Bagi Arman politik tidak ada matinya untuk disurvei. Biasanya setahun sebelumnya jadi waktu yang pas untuk survei. "Nah, ini pasti meningkat terutama legislatif yang banyak daerah pemilihan,” kata Arman kepada detikcom, Rabu (14/8).
Dia menjelaskan pemberi order memang biasanya yang menentukan isu untuk digarap menjadi survei. Soal hasil survei bagaimana, LSI menyerahkan sepenuhnya kepada pemberi order dan mengaku tidak akan diintervensi. Arman mengklaim, yang pasti LSI profesional memberikan survei berkualitas dengan mengedepankan kecilnya angka margin error. “Survei ini kan buat potret dia sebelum maju. Meski bukan jaminan,” ujarnya.
SCROLL TO CONTINUE WITH CONTENT
Namun, untuk survei nasional yang memerlukan responden dari 33 provinsi, tentu daerah Indonesia bagian Timur juga perlu disertakan. Pengalaman yang dilakukan LSI, bujet untuk membuktikan survei di daerah seperti Papua atau Kalimantan memerlukan sedikitnya Rp 400 juta. Meski misalnya dalam satu provinsi hanya mengejar 10 responden.
“Ya itu, mau enggak mau kita harus terbang. Ya memang mahal karena kondisinya seperti itu. Sekali terbang misalnya dari Raja Ampat ke Nabire itu sedikitnya perlu Rp 12 juta,” ungkapnya.
Disinggung hasil survei bisa menggiring opini publik, ia tidak menampiknya.
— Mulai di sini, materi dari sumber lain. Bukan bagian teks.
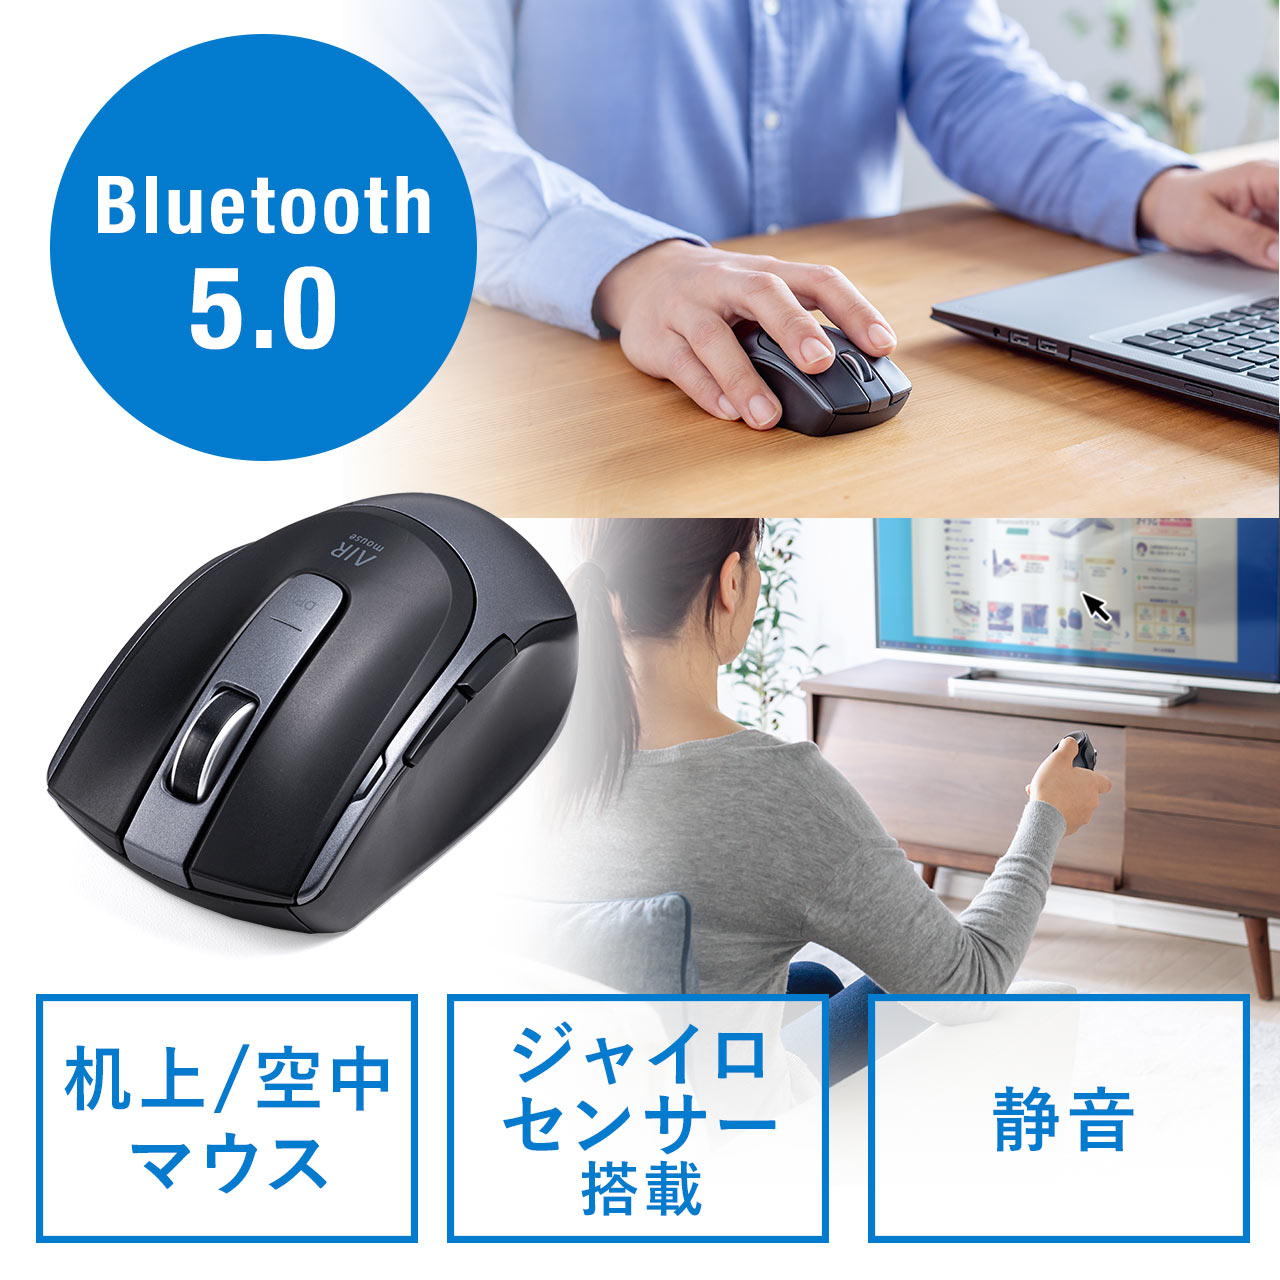 Bluetoothマウス エアマウス 空中マウス ジャイロセンサー 小型マウス プレゼンマウス カウント切り替え Ipad Iphone 400 Mabt132の販売商品 通販ならサンワダイレクト

Menurutnya, masyarakat sebagian masih awam dengan politik seperti di daerah-daerah tertentu tergantung usia dan pekerjaan.
Namun, untuk sekarang persoalan menggiring opini publik hanya kecil. Pasalnya, kata Arman, masyarakat sudah semakin kritis dan tidak mudah percaya dengan hasil survei. Pertama survei yang disajikan menampilkan tokoh-tokoh itu saja dalam pemilu presiden.

Peneliti senior LSI, Toto Izzul Fatah, menyebutkan lembaganya memiliki dua divisi yang memang fokusnya sesuai fungsi masing-masing. Divisi pertama untuk mengerjakan survei. Kemudian, divisi pemenangan yang memberikan konsultasi kepada calon terkait strategi sebelum di Pemilu.
Menurutnya, kedua divisi ini berjalan masing-masing secara profesional mengerjakan tugasnya. “Hasil survei ada baru kita rekomendasikan ke calon,” katanya kepada detikcom Rabu (14/8).
Toto menjamin data yang ditampilkan LSI akurat karena diproses dan diolah secara murni. Meski demikian ia mengakui memang ada kemungkinan dengan hasil sedikit yang meleset. LSI, ujarnya, punya bantuan sumber daya manusia di daerah yang direkrut dari kalangan dosen serta mahasiswa yang dibekali pelatihan khusus.
Adapun pengamat Lembaga Ilmu Pengetahuan Indonesia (LIPI) Syamsuddin Haris berpendapat tidak bisa dipungkiri menjelang hajatan Pemilu besar seperti legislatif dan Presiden, lembaga survei bakal banyak order. Sebab, isu politik itu kuat dan punya tujuan kepentingan. Maka, memang sebaiknya perlu ada kode etik yang disepakati lembaga-lembaga survei sehingga tidak ada hasil yang melenceng.
Selain itu, dia meneruskan, memang perlu ada keterbukaan terkait transparansi dana yang membiayai lembaga survei. Syamsuddin melihat persoalan ini penting untuk menghindari kejadian obral survei untuk berebut calon yang punya duit banyak. “Hasil survei itu bisa mempengaruhi masyarakat. Regulasi yang kuat bisa mengatur ketentuan lembaga survei yang kredibel dan independen,” ujarnya menekankan.